* Dataset records:
·····

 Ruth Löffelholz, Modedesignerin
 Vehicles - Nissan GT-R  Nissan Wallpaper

·····

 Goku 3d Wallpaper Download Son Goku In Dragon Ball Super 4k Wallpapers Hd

·····

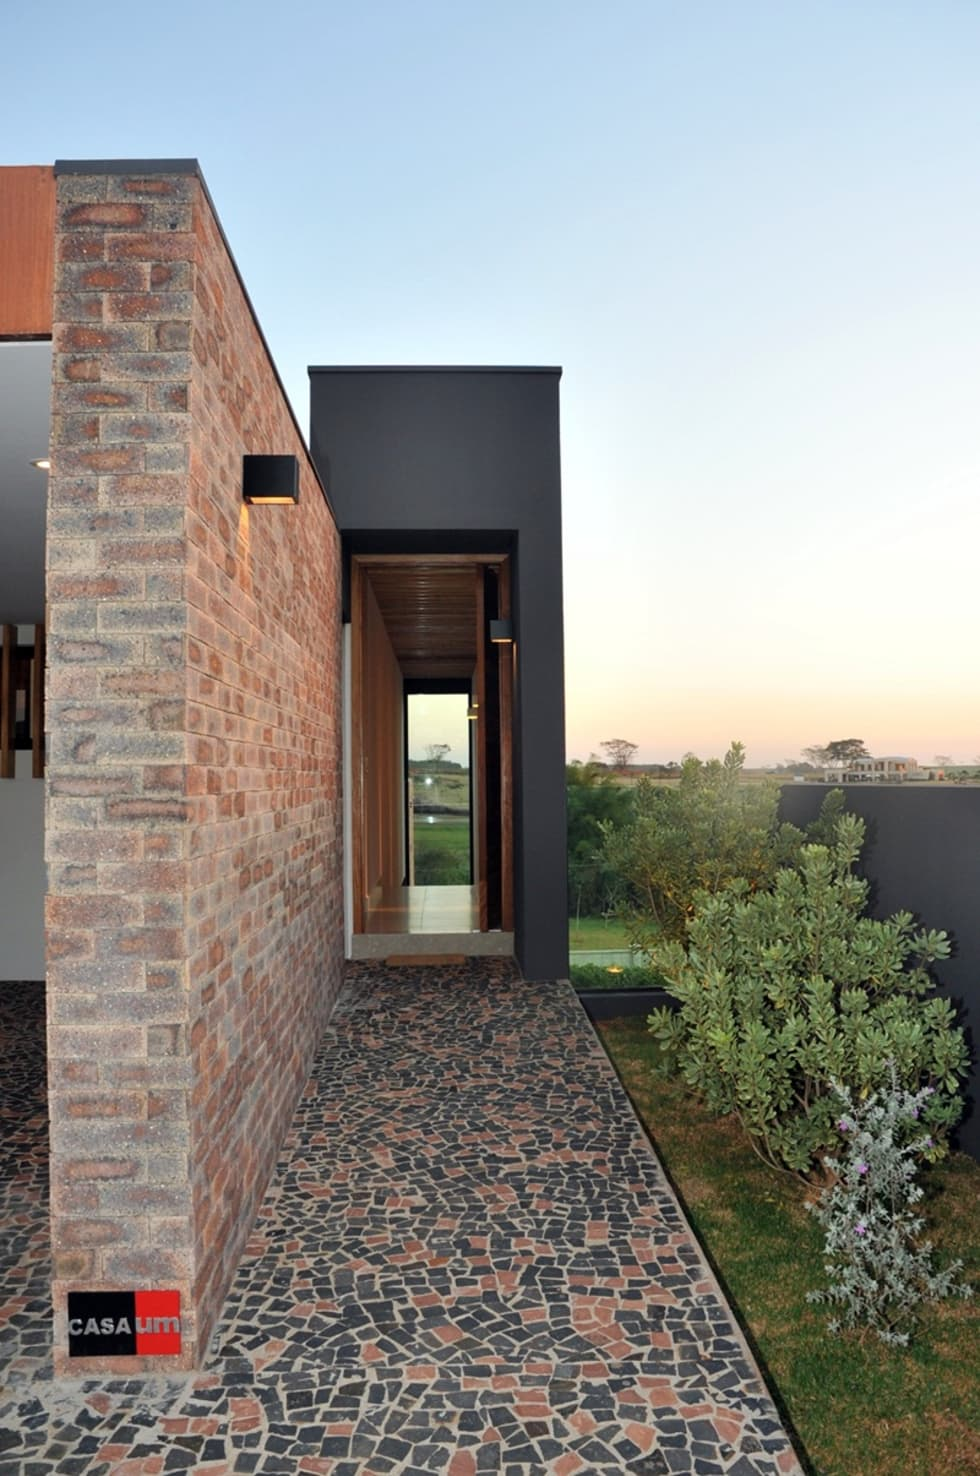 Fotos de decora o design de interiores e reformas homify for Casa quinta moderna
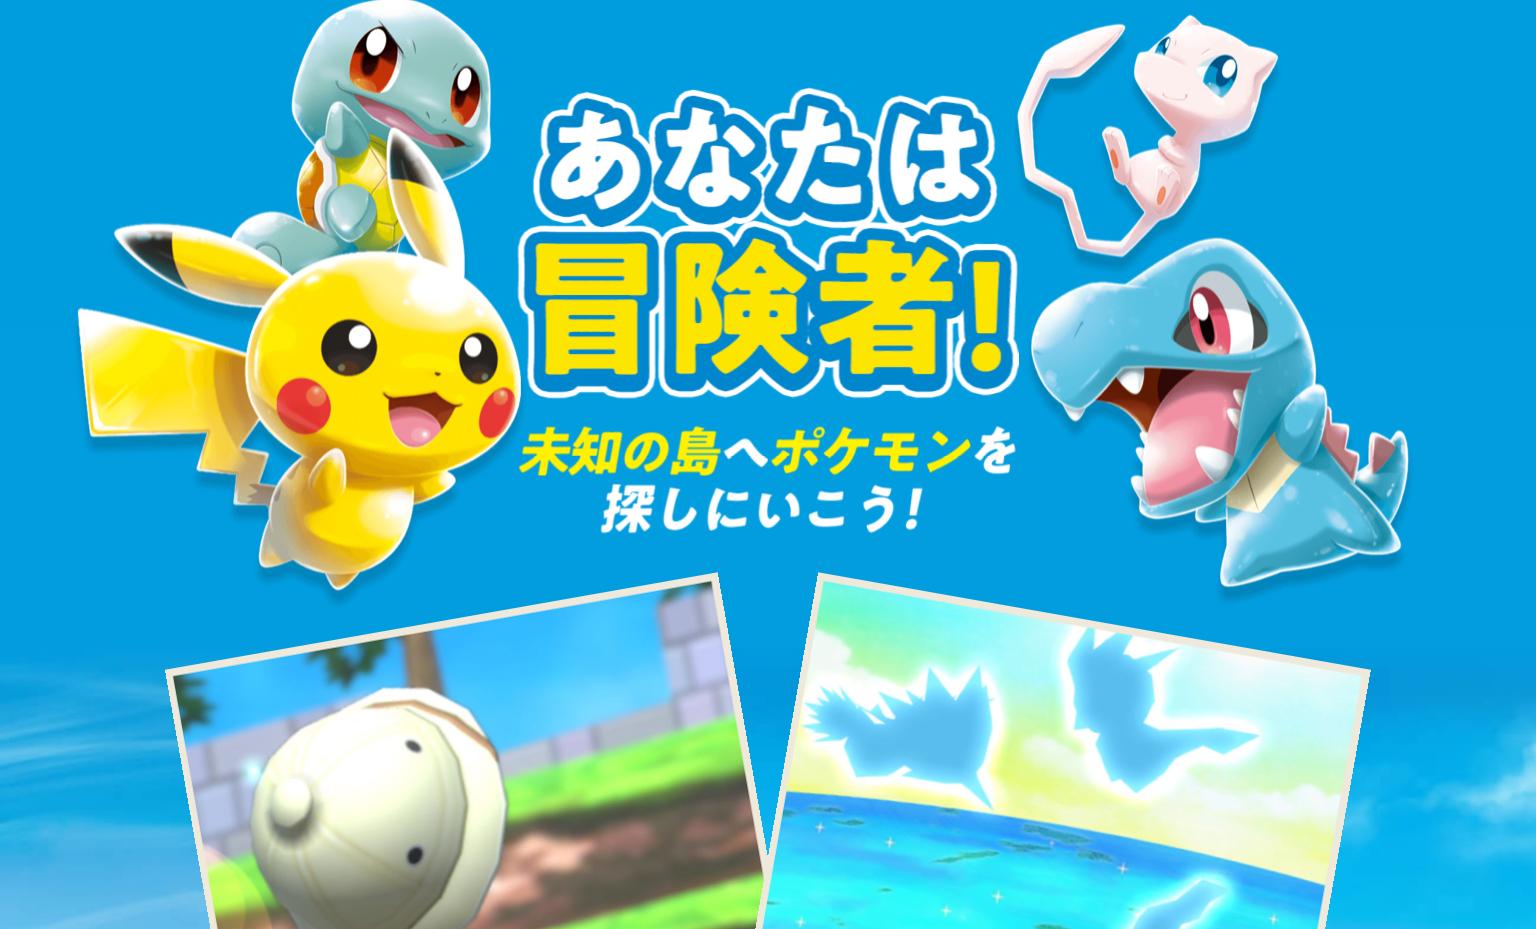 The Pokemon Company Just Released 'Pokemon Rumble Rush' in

·····

* Instructions to follow:
Your answer should consist of the lines from the material that contain "Wallpaper".

* Exercise answer:
 Vehicles - Nissan GT-R  Nissan Wallpaper
 Goku 3d Wallpaper Download Son Goku In Dragon Ball Super 4k Wallpapers Hd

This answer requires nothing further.